Before the kernel hangs it reports 2 errors like:

BUG: Bad page state in process swapper  pfn:fffa8
page:ef7fb500 count:0 mapcount:0 mapping:  (null) index:0x0
flags: 0x96640253(locked|error|dirty|active|arch_1|reclaim|mlocked)
page dumped because: PAGE_FLAGS_CHECK_AT_FREE flag(s) set
bad because of flags:
flags: 0x200041(locked|active|mlocked)
Modules linked in:
CPU: 0 PID: 0 Comm: swapper Not tainted 3.19.0-rc3-00007-g412f9ba-dirty #816
Hardware name: Qualcomm (Flattened Device Tree)
[<c0218280>] (unwind_backtrace) from [<c0212be8>] (show_stack+0x20/0x24)
[<c0212be8>] (show_stack) from [<c0af7124>] (dump_stack+0x80/0x9c)
[<c0af7124>] (dump_stack) from [<c0301570>] (bad_page+0xc8/0x128)
[<c0301570>] (bad_page) from [<c03018a8>] (free_pages_prepare+0x168/0x1e0)
[<c03018a8>] (free_pages_prepare) from [<c030369c>] (free_hot_cold_page+0x3c/0x174)
[<c030369c>] (free_hot_cold_page) from [<c0303828>] (__free_pages+0x54/0x58)
[<c0303828>] (__free_pages) from [<c030395c>] (free_highmem_page+0x38/0x88)
[<c030395c>] (free_highmem_page) from [<c0f62d5c>] (mem_init+0x240/0x430)
[<c0f62d5c>] (mem_init) from [<c0f5db3c>] (start_kernel+0x1e4/0x3c8)
[<c0f5db3c>] (start_kernel) from [<80208074>] (0x80208074)
Disabling lock debugging due to kernel taint


Full kernel log with memblock debug at http://paste.ubuntu.com/9761000/


I don't have an IFC handy but I was able to reproduce the same issue on another board.
I think this is an underlying issue in mm code.
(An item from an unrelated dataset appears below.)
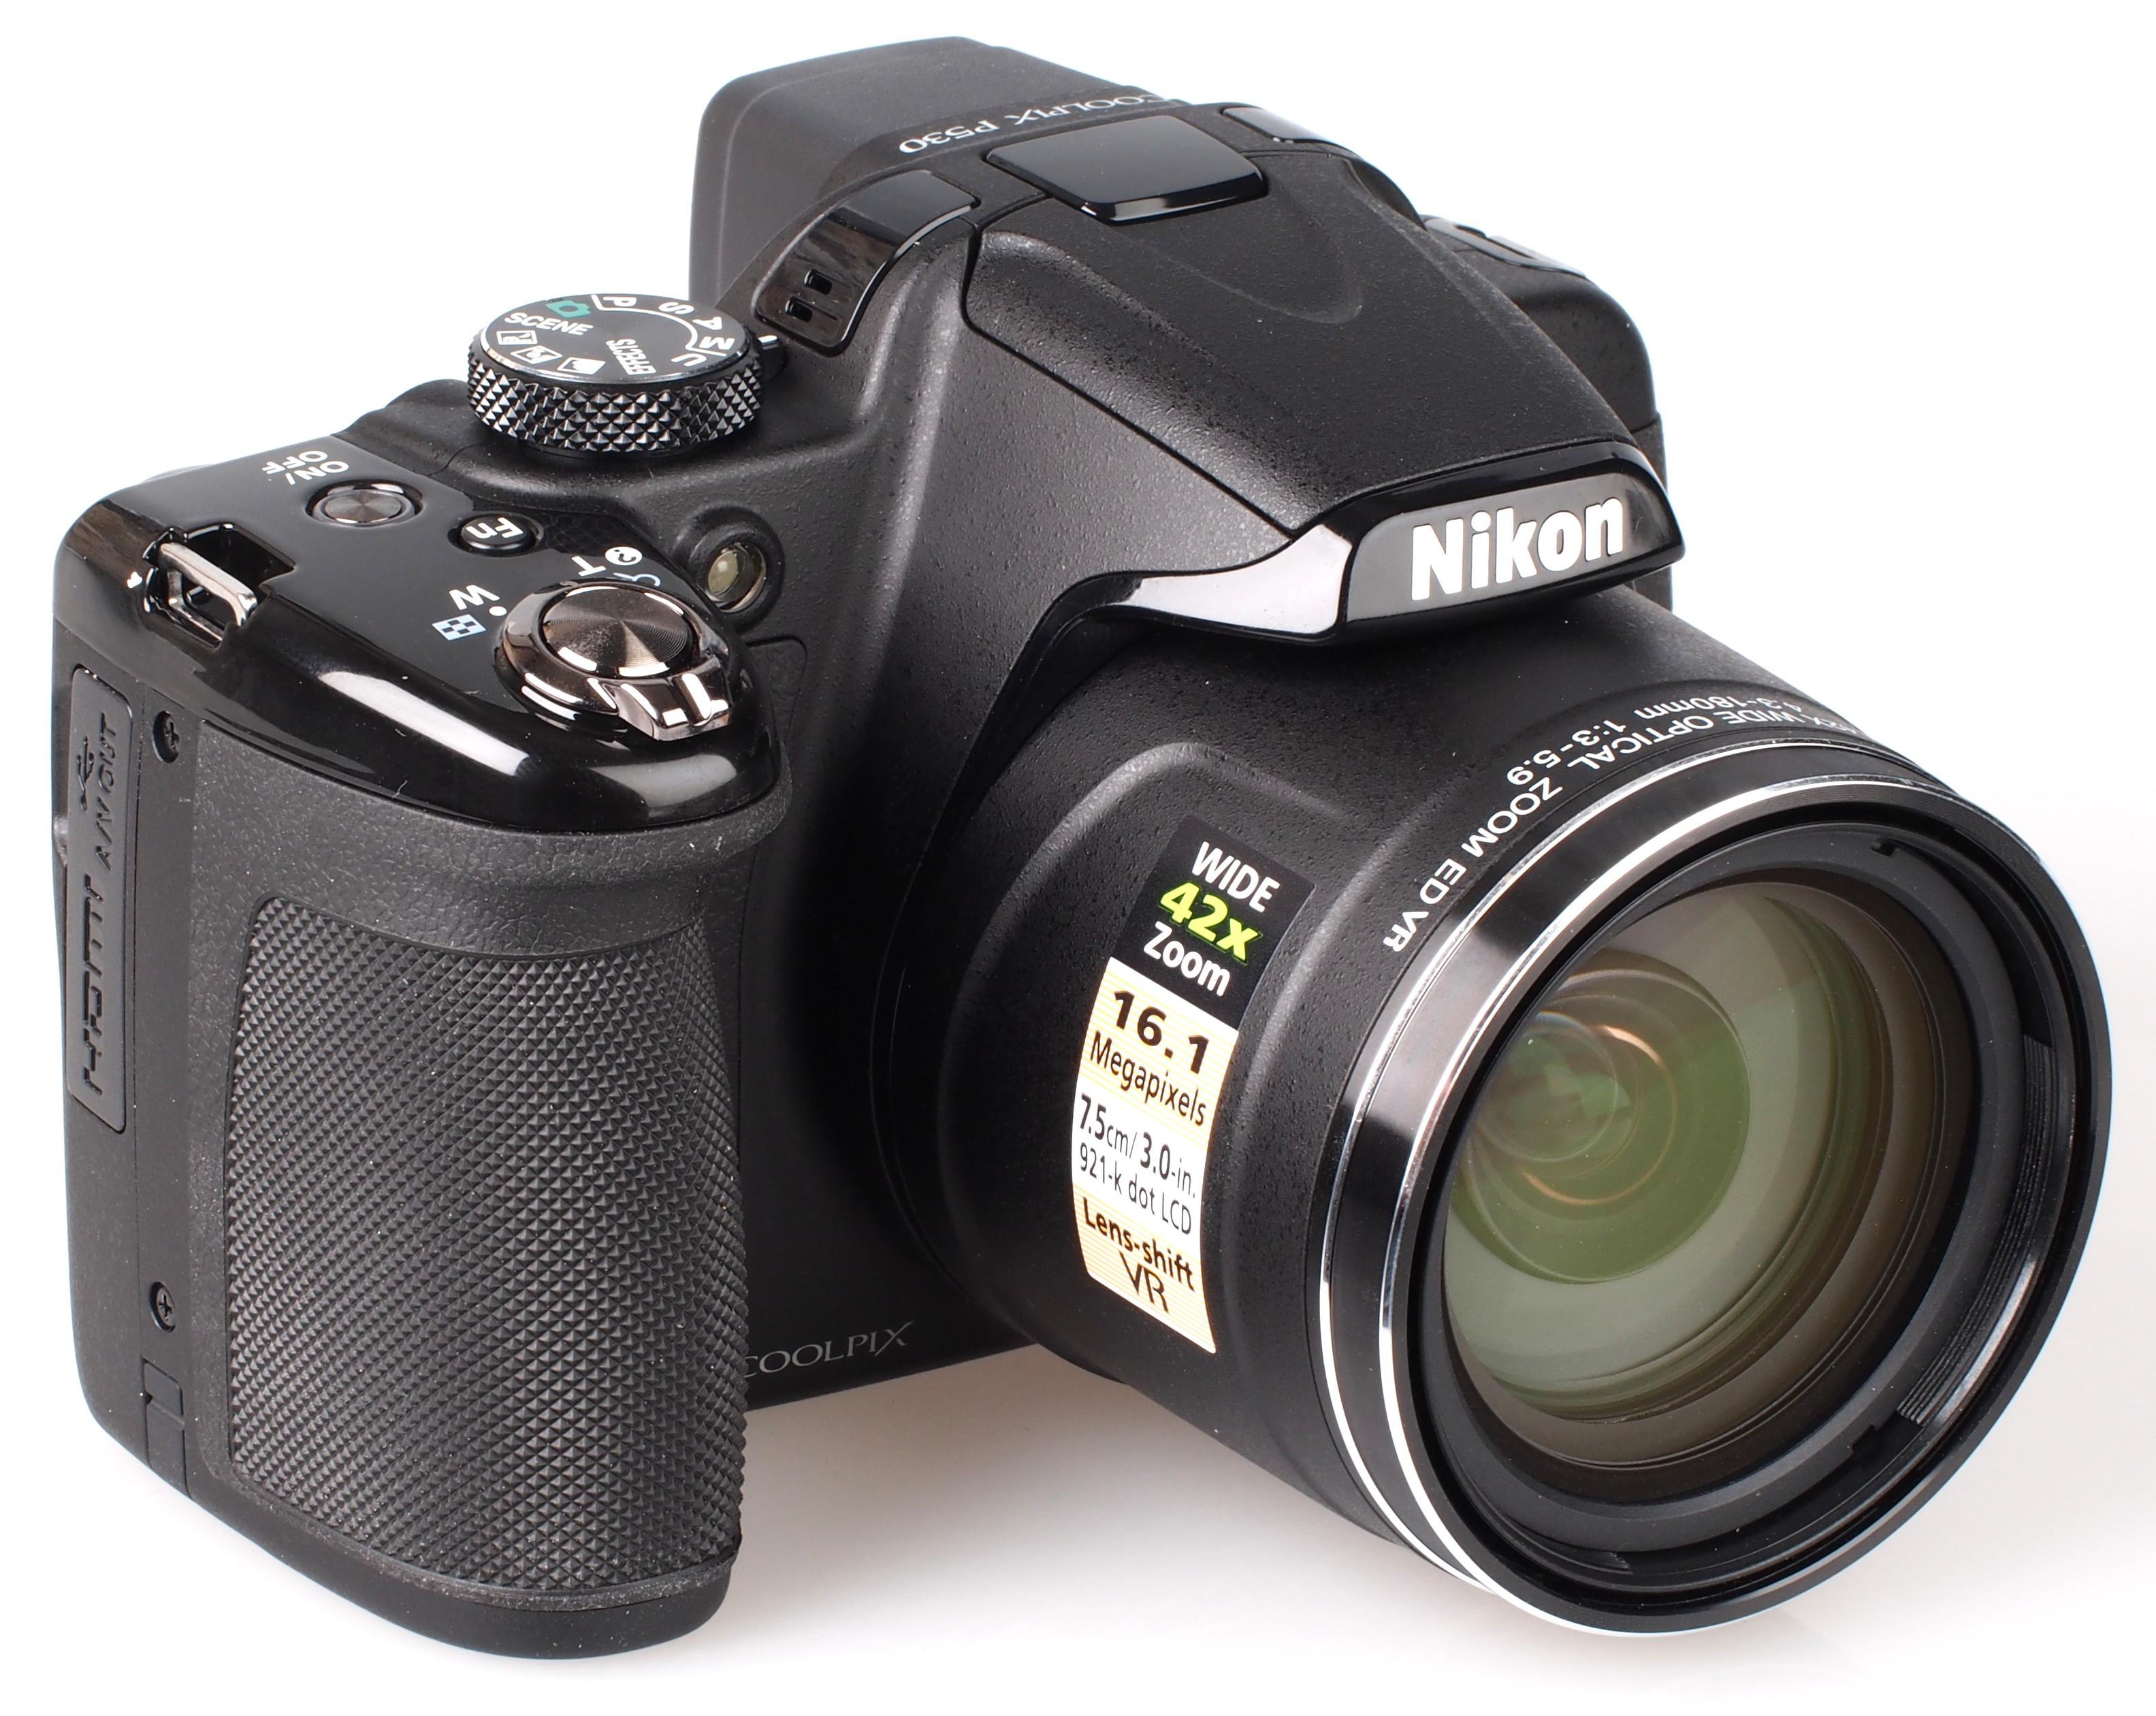 Nikon Coolpix P530 Bridge Camera Review

Removing the first 2MB changes the start address of the zone. This means the start
address is no longer pageblock aligned (4MB on this system). With a little
digging, it looks like the issue is we're running off the end of the end of the
mem_map array because the memmap array is too small. This is similar to
an issue fixed by 7c45512 mm: fix pageblock bitmap allocation and the following
fixes it for me:

diff --git a/mm/page_alloc.c b/mm/page_alloc.c
index 7633c50..32d9436 100644
--- a/mm/page_alloc.c
+++ b/mm/page_alloc.c
@@ -5012,7 +5012,7 @@ static void __init_refok alloc_node_mem_map(struct pglist_data *pgdat)
   #ifdef CONFIG_FLAT_NODE_MEM_MAP
          /* ia64 gets its own node_mem_map, before this, without bootmem */
          if (!pgdat->node_mem_map) {
-               unsigned long size, start, end;
+               unsigned long size, start, end, offset;
                  struct page *map;

                  /*
@@ -5020,10 +5020,11 @@ static void __init_refok alloc_node_mem_map(struct pglist_data *pgdat)
                   * aligned but the node_mem_map endpoints must be in order
                   * for the buddy allocator to function correctly.
                   */
+               offset = pgdat->node_start_pfn & (pageblock_nr_pages - 1);
                  start = pgdat->node_start_pfn & ~(MAX_ORDER_NR_PAGES - 1);
                  end = pgdat_end_pfn(pgdat);
                  end = ALIGN(end, MAX_ORDER_NR_PAGES);
-               size =  (end - start) * sizeof(struct page);
+               size =  ((end - start) + offset) * sizeof(struct page);
                  map = alloc_remap(pgdat->node_id, size);
                  if (!map)
                          map = memblock_virt_alloc_node_nopanic(size,

If there is agreement on this approach, I can turn this into a proper patch.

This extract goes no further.